* DATA SHOWN:
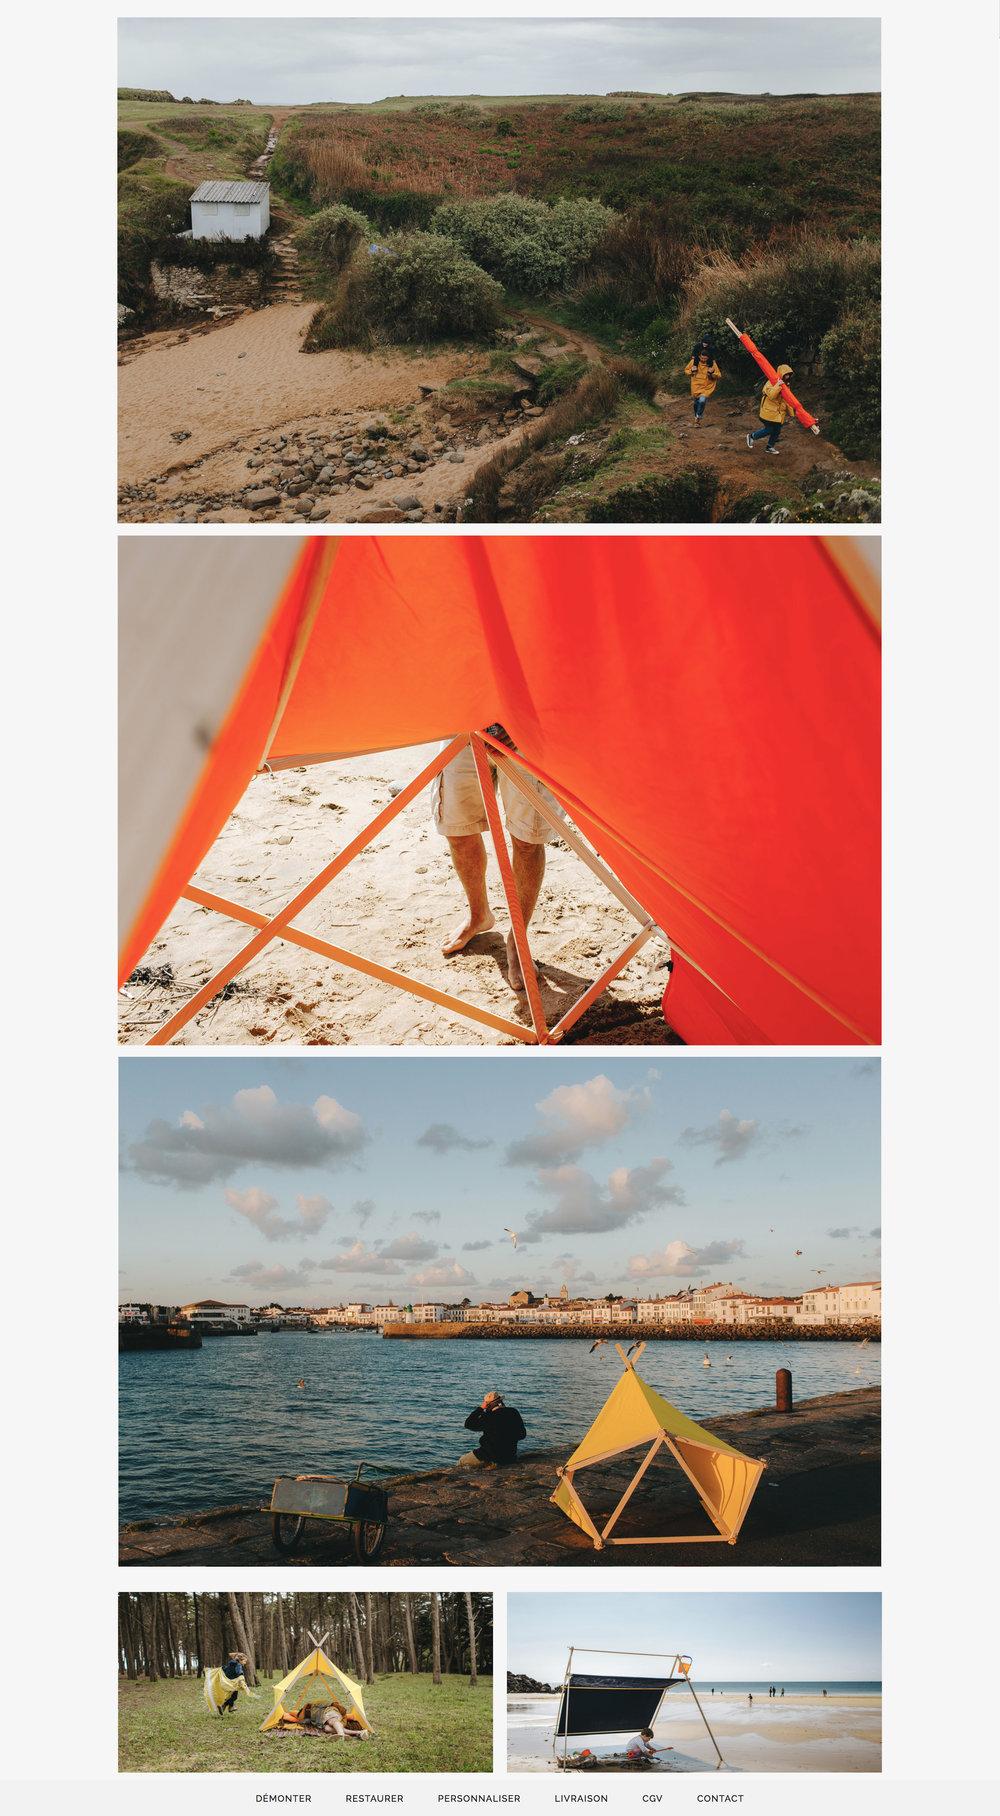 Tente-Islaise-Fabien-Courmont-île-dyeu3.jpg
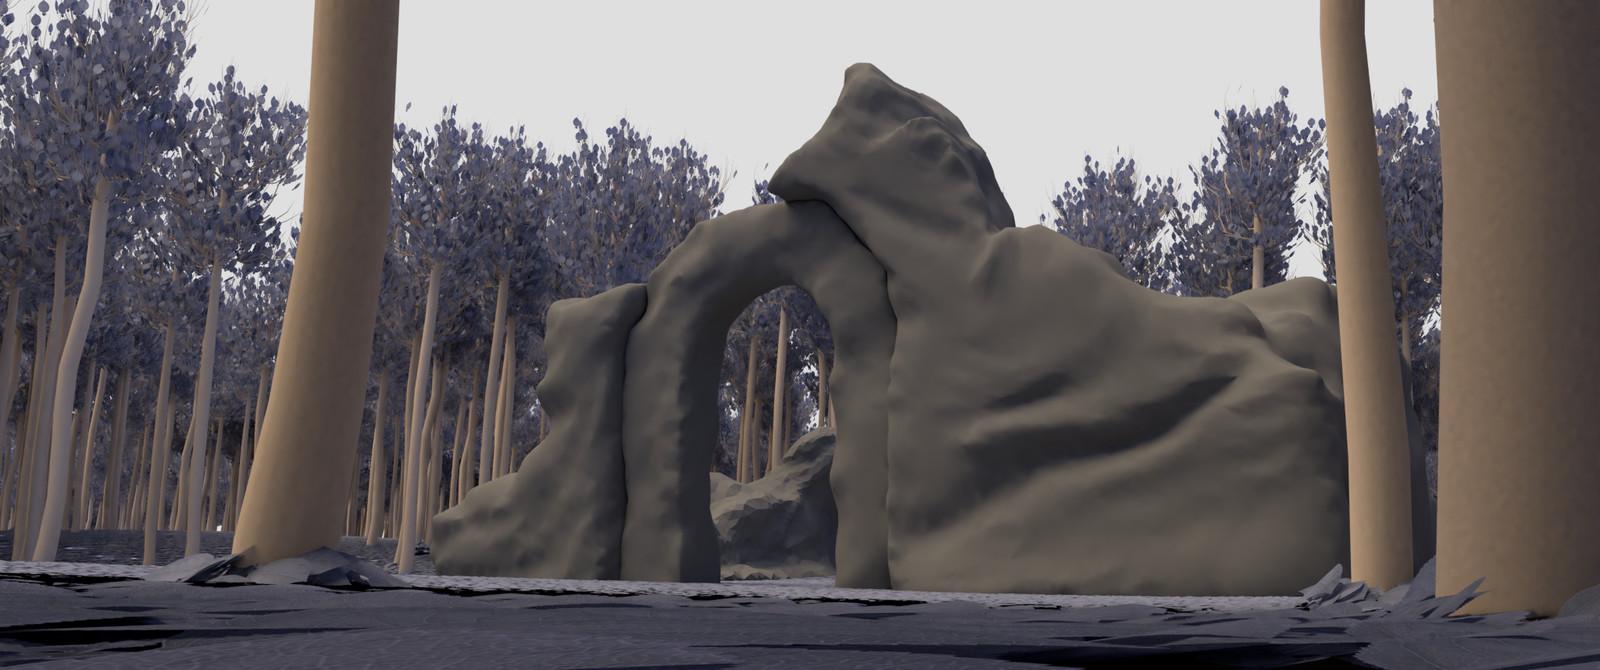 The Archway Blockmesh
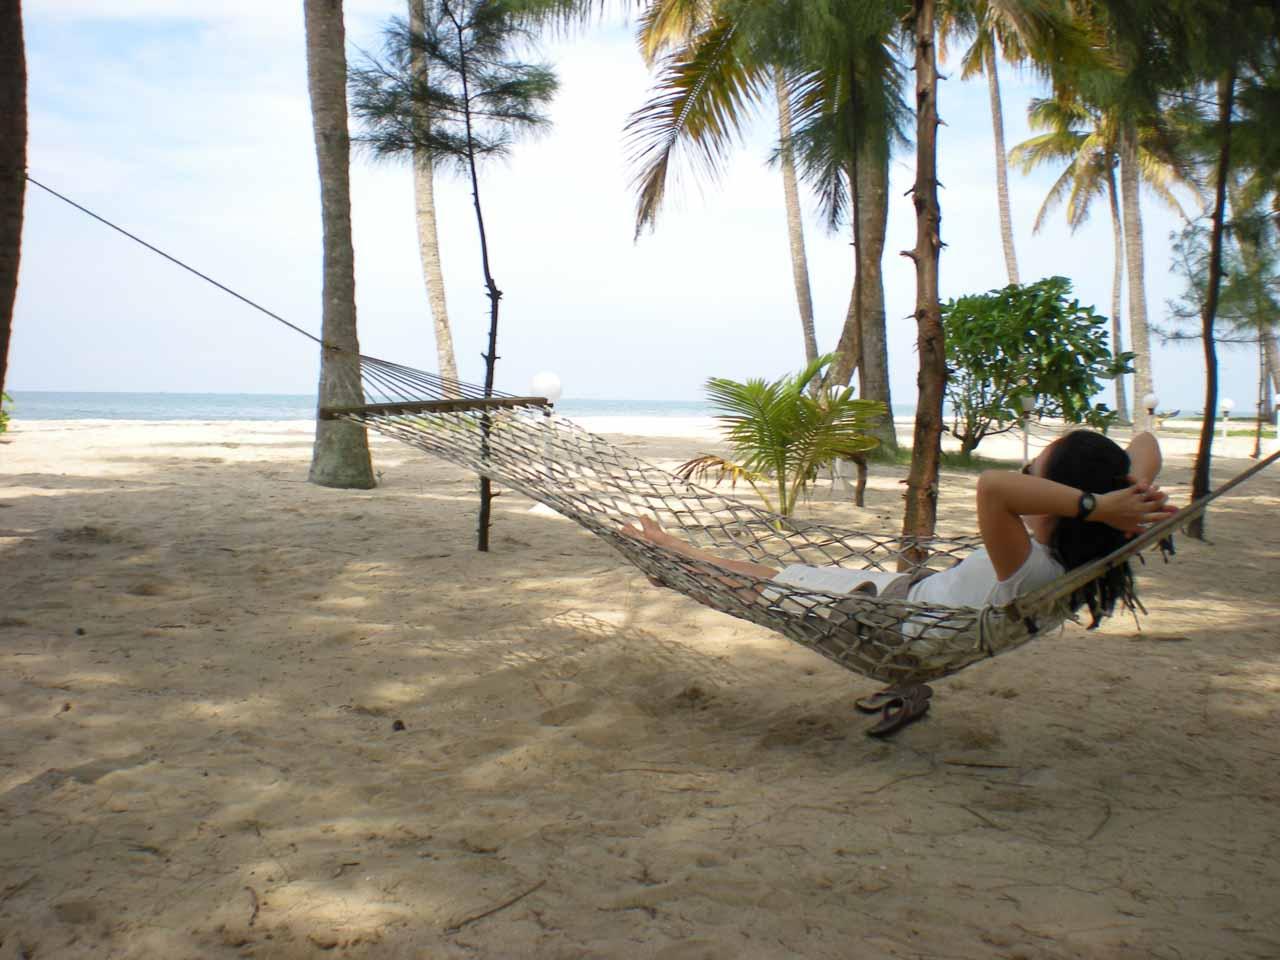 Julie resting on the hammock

* ACTION ITEM:
Copy out the listing exactly as it stands, but not the pictures.

* ANSWER BOX:
 Tente-Islaise-Fabien-Courmont-île-dyeu3.jpg
 The Archway Blockmesh
 Julie resting on the hammock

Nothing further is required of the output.